Goal of the exercise: Would you output the listing exactly, with every image omitted?

Exercise data:
┄┄┄┄┄┄┄┄┄┄

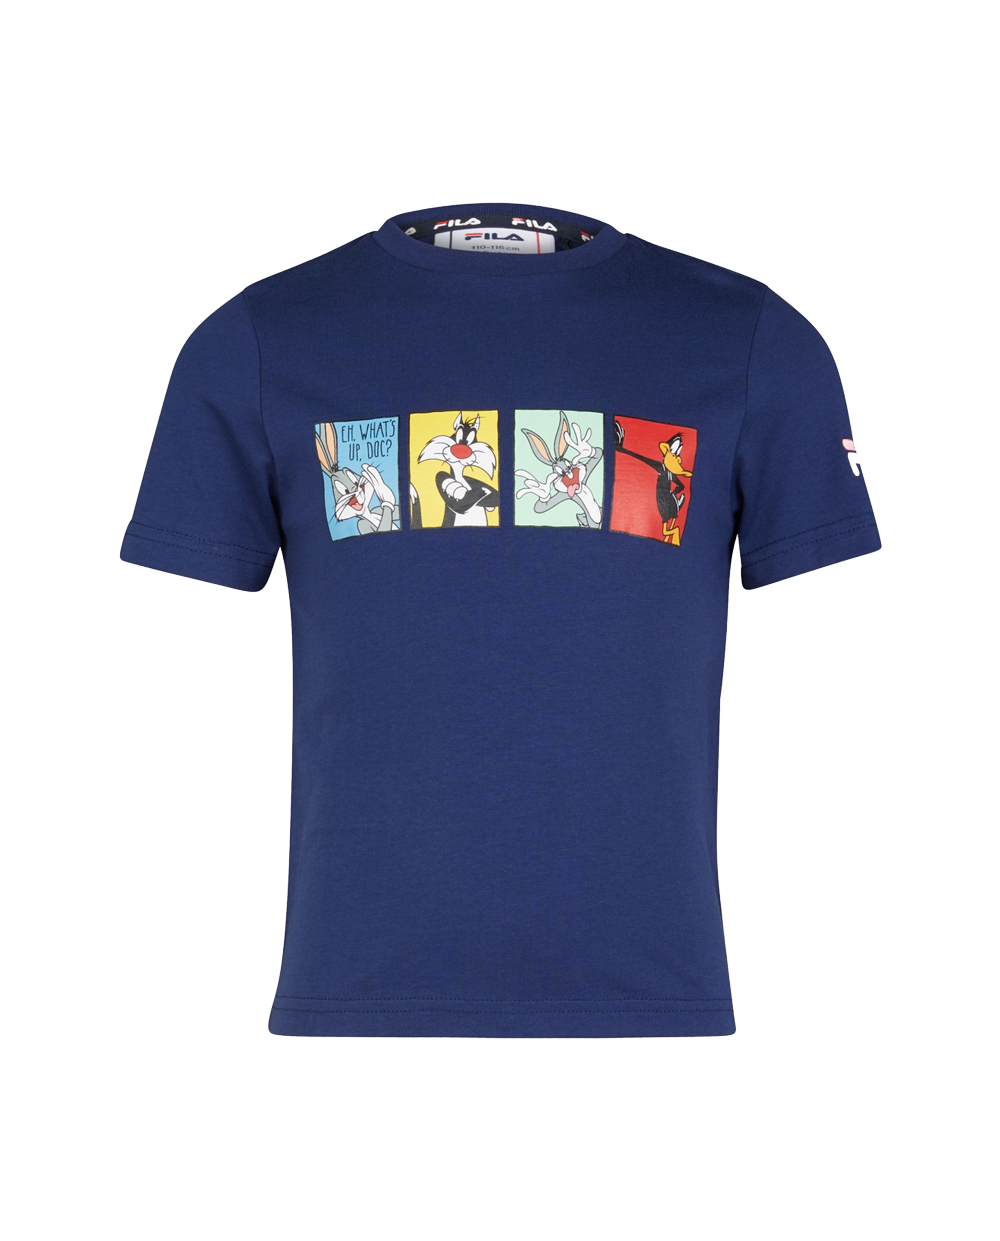 T-Shirt Fila Azul Marinho Looney Tunes
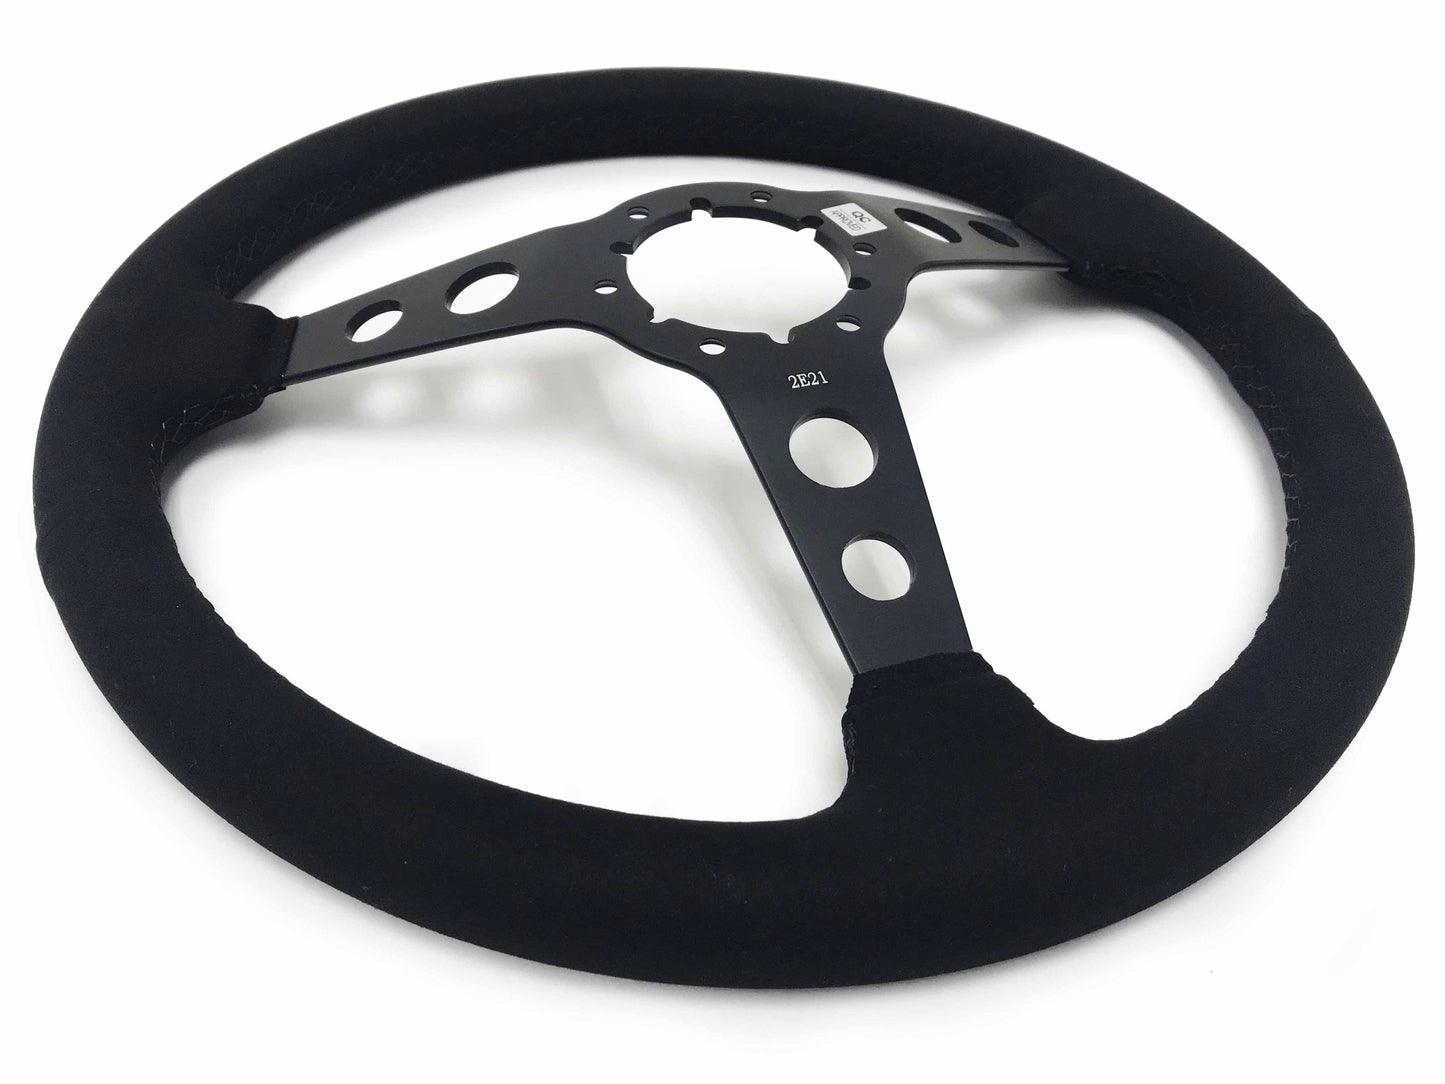 Mazda MX-6 Steering Wheel Kit | Black Ultralux Suede | ST3583BLK
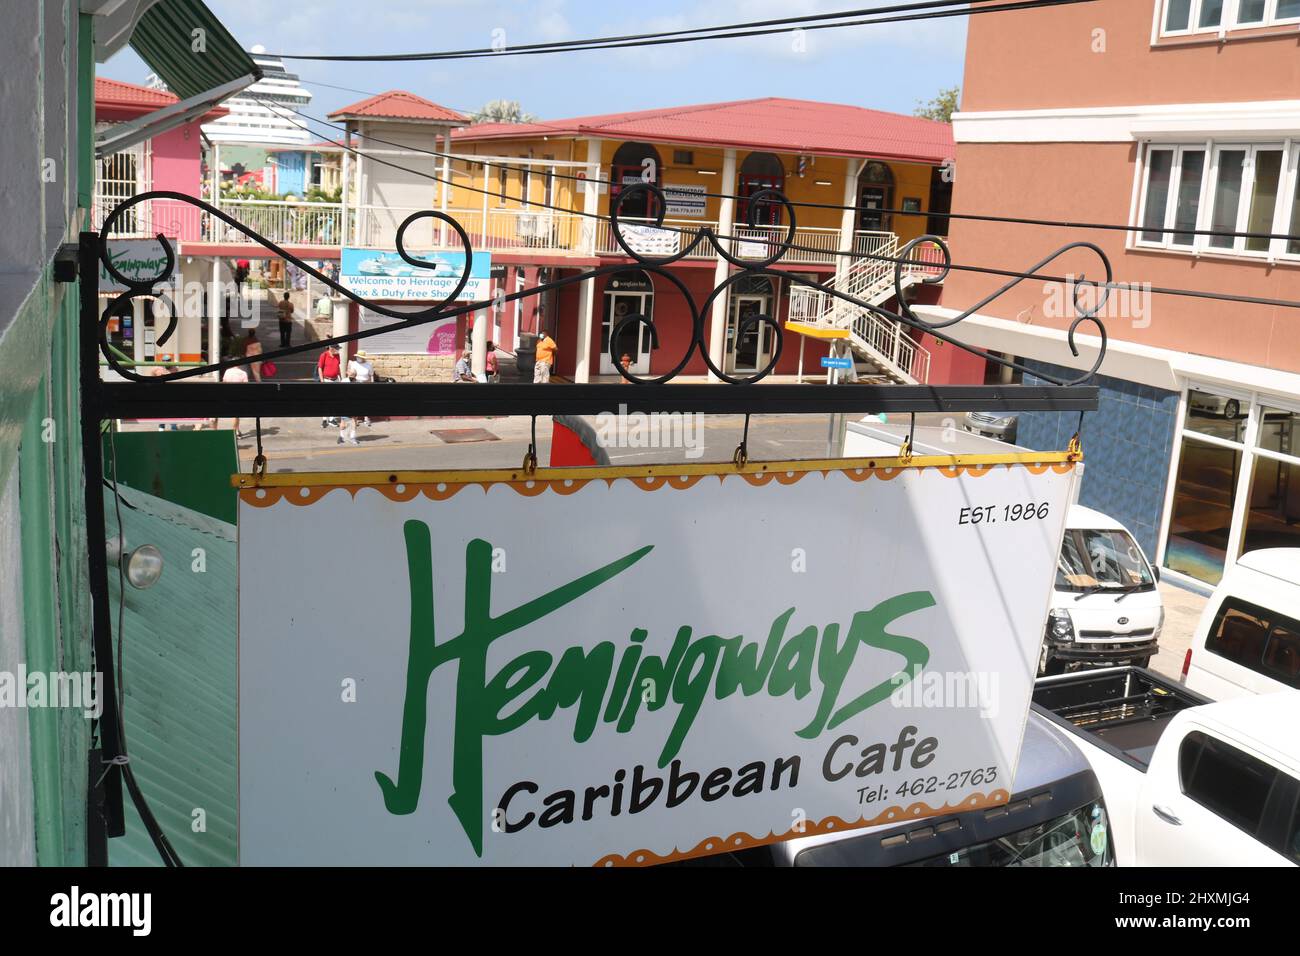 Sign for Hemingways Caribbean cafe in St John's Antigua and Barbuda Stock Photo

┄┄┄┄┄┄┄┄┄┄

Your solution:
 T-Shirt Fila Azul Marinho Looney Tunes
 Mazda MX-6 Steering Wheel Kit | Black Ultralux Suede | ST3583BLK
 Sign for Hemingways Caribbean cafe in St John's Antigua and Barbuda Stock Photo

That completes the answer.